The same four ways are available with random effects.

  1. Using weights argument (one, two):

    glmer(p ~ a+b+c + (1|subject), myData, family="binomial", weights=n)
    

    According to the second link above, it might be a good idea to model overdispersion, see there (and also #4 below).

  2. Using beta mixed model:

    glmmadmb(p ~ a+b+c + (1|subject), myData, family="beta")
    

    or

    glmmTMB(p ~ a+b+c + (1|subject), myData, 
            family=list(family="beta",link="logit"))
    

    If there are exact zeros or ones in the response data, then one can use zero/one-inflated beta model in glmmTMB.

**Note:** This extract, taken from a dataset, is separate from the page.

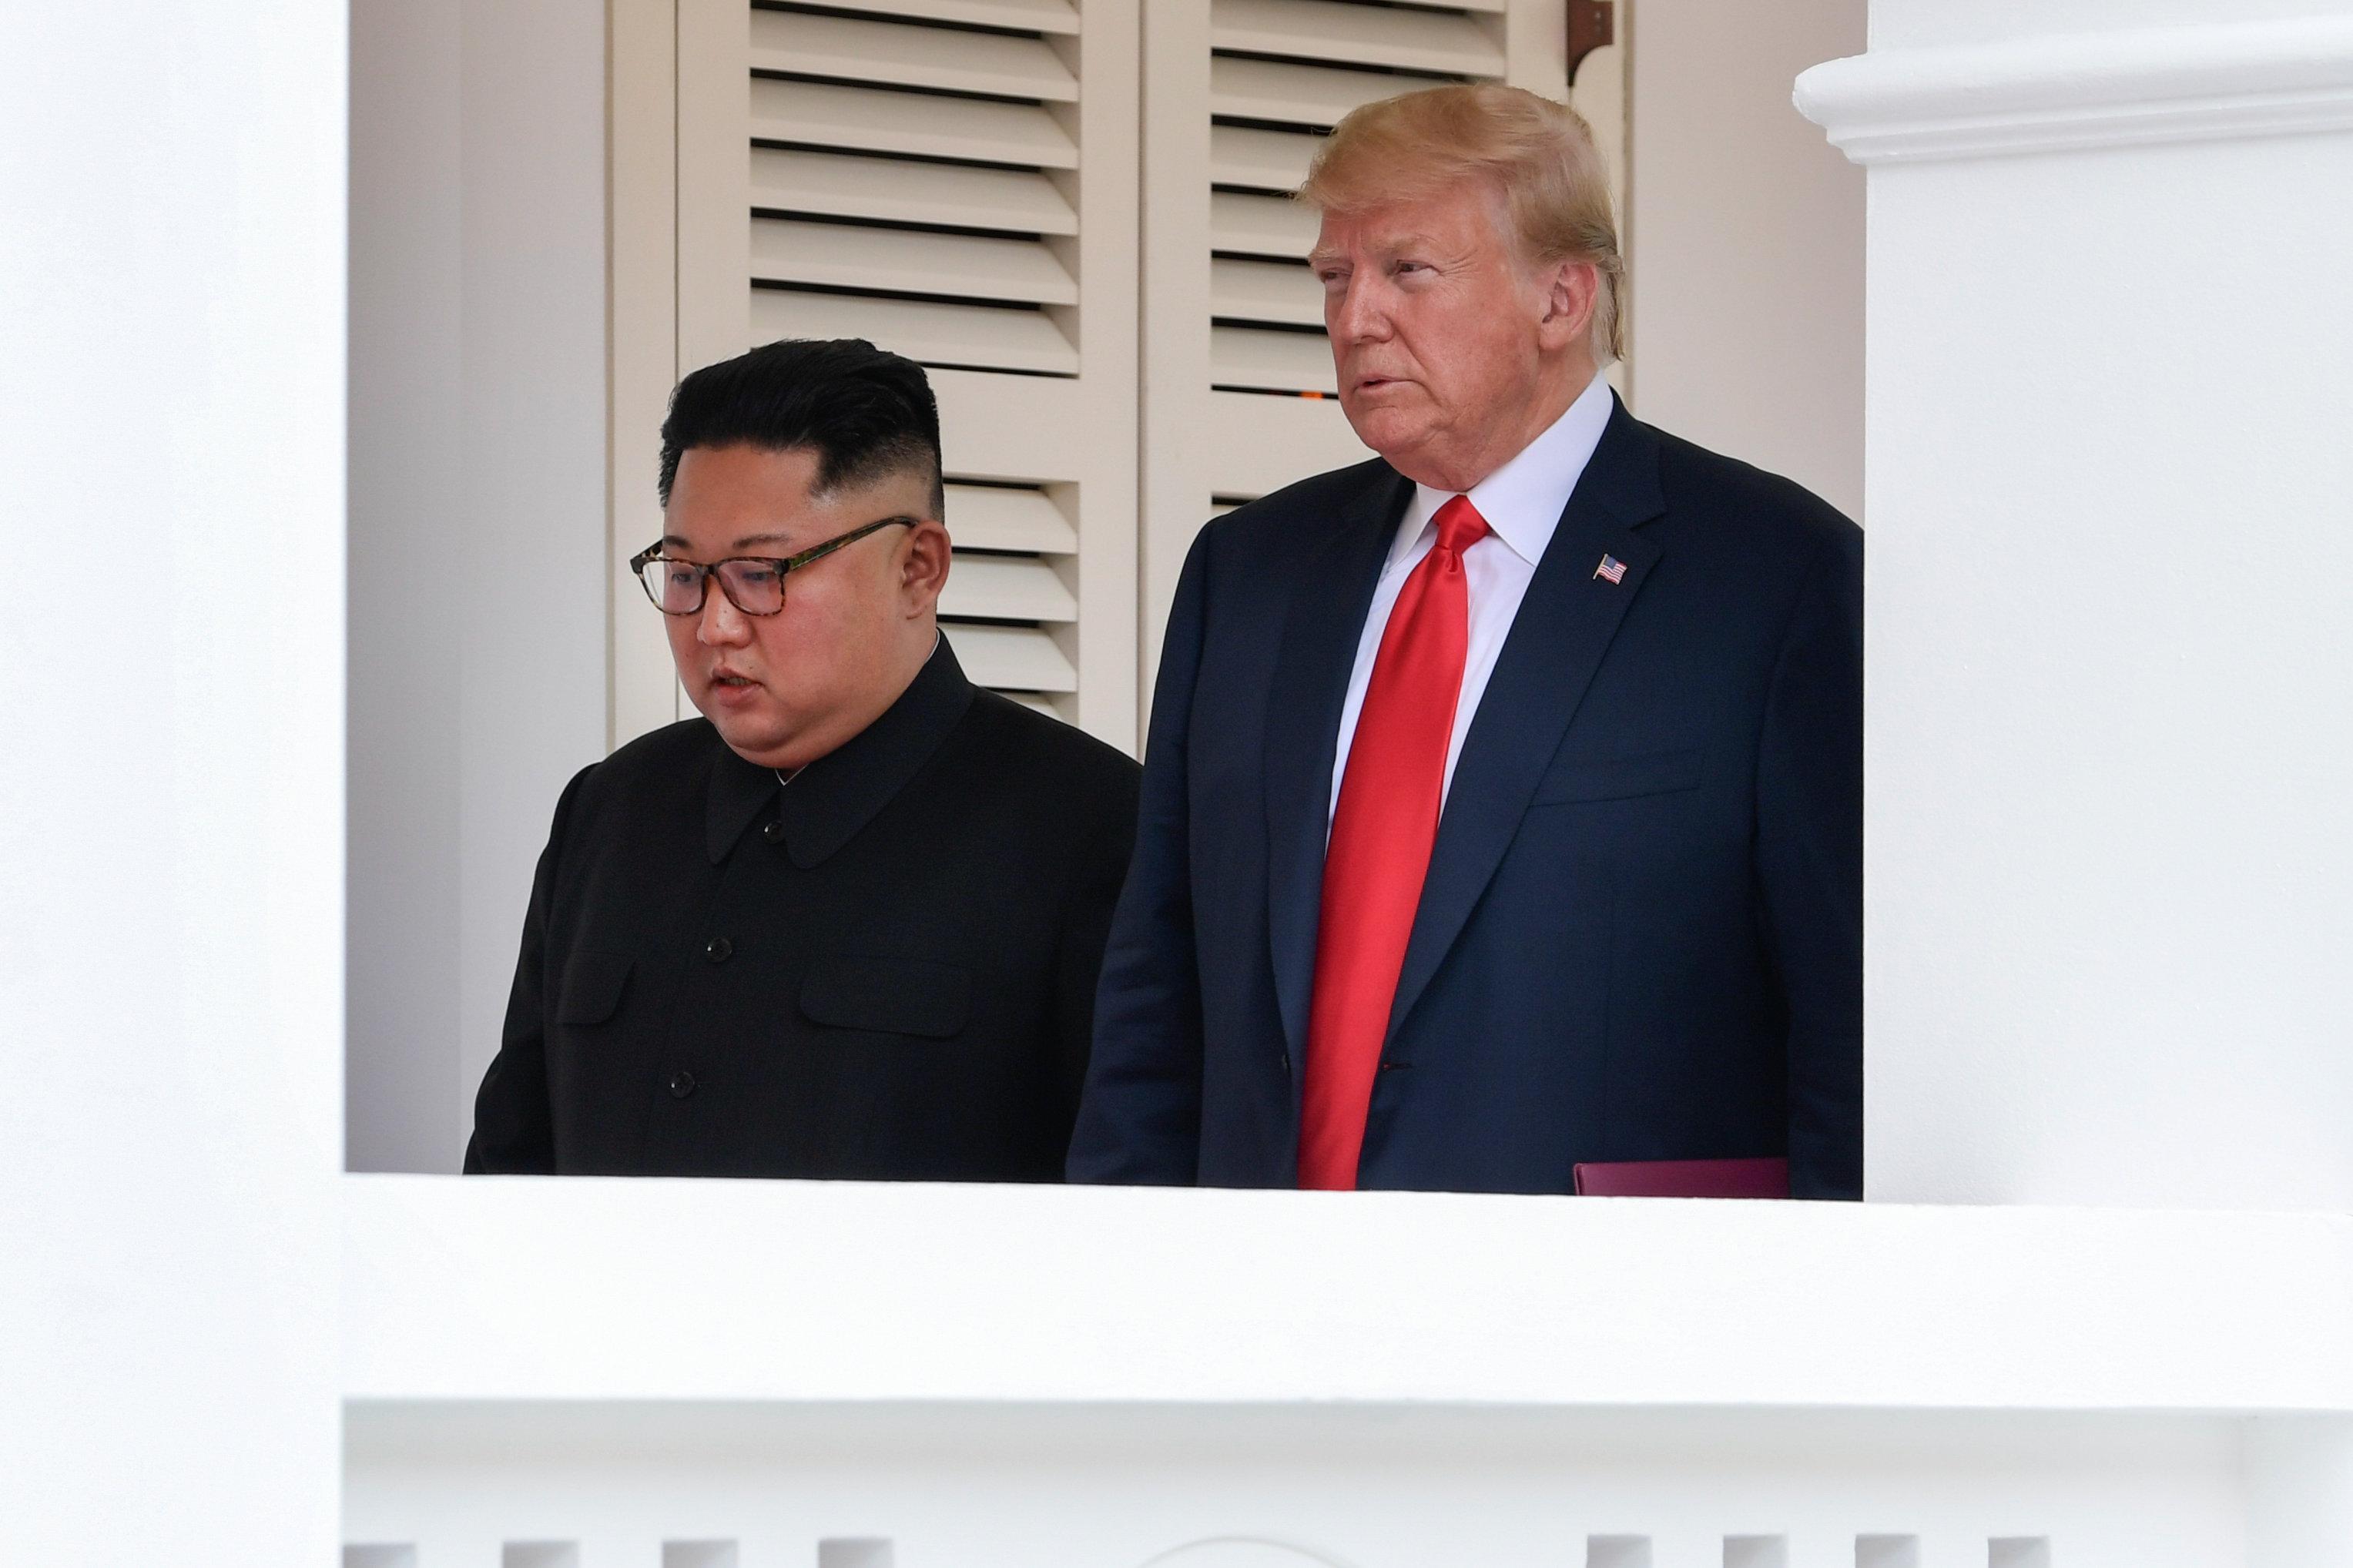 Οι Νοτιοκορεάτες σταματούν για μια ματιά στη σύνοδο κορυφής ΗΠΑ-Βόρειας Κορέας

  3. Using logit transform of the response:

    lmer(log(p/(1-p)) ~ a+b+c + (1|subject), myData)
    
  4. Accounting for overdispersion in the binomial model. This uses a different trick: adding a random effect for each data point:

    myData$rowid = as.factor(1:nrow(myData))
    glmer(p ~ a+b+c + (1|subject) + (1|rowid), myData, family="binomial",
          glmerControl(optimizer="bobyqa"))
    

    For some reason this does not work properly as glmer() complains about non-integer p and yields nonsense estimates. A solution that I came up with is to use fake constant weights=k and make sure that p*k is always integer. This requires rounding p but by selecting k that is large enough it should not matter much. The results do not seem to depend on the value of k.

    k = 100
    glmer(round(p*k)/k ~ a+b+c + (1|subject) + (1|rowid), myData, 
          family="binomial", weights=rowid*0+k, glmerControl(optimizer="bobyqa"))
    

    Later update (Jan 2018): This might be an invalid approach. See discussion here. I have to investigate this more.


In my specific case option #1 is not available.

Option #2 is very slow and has issues with converging: glmmadmb takes five-ten minutes to run (and still complains that it did not converge!), whereas lmer works in a split-second and glmer takes a couple of seconds. Update: I tried glmmTMB as suggested in the comments by @BenBolker and it works almost as fast as glmer, without any convergence issues. So this is what I will be using.

Options #3 and #4 yield very similar estimates and very similar Wald confidence intervals (obtained with confint). I am not a big fan of #3 though because it is kind of cheating. And #4 feels somewhat hacky.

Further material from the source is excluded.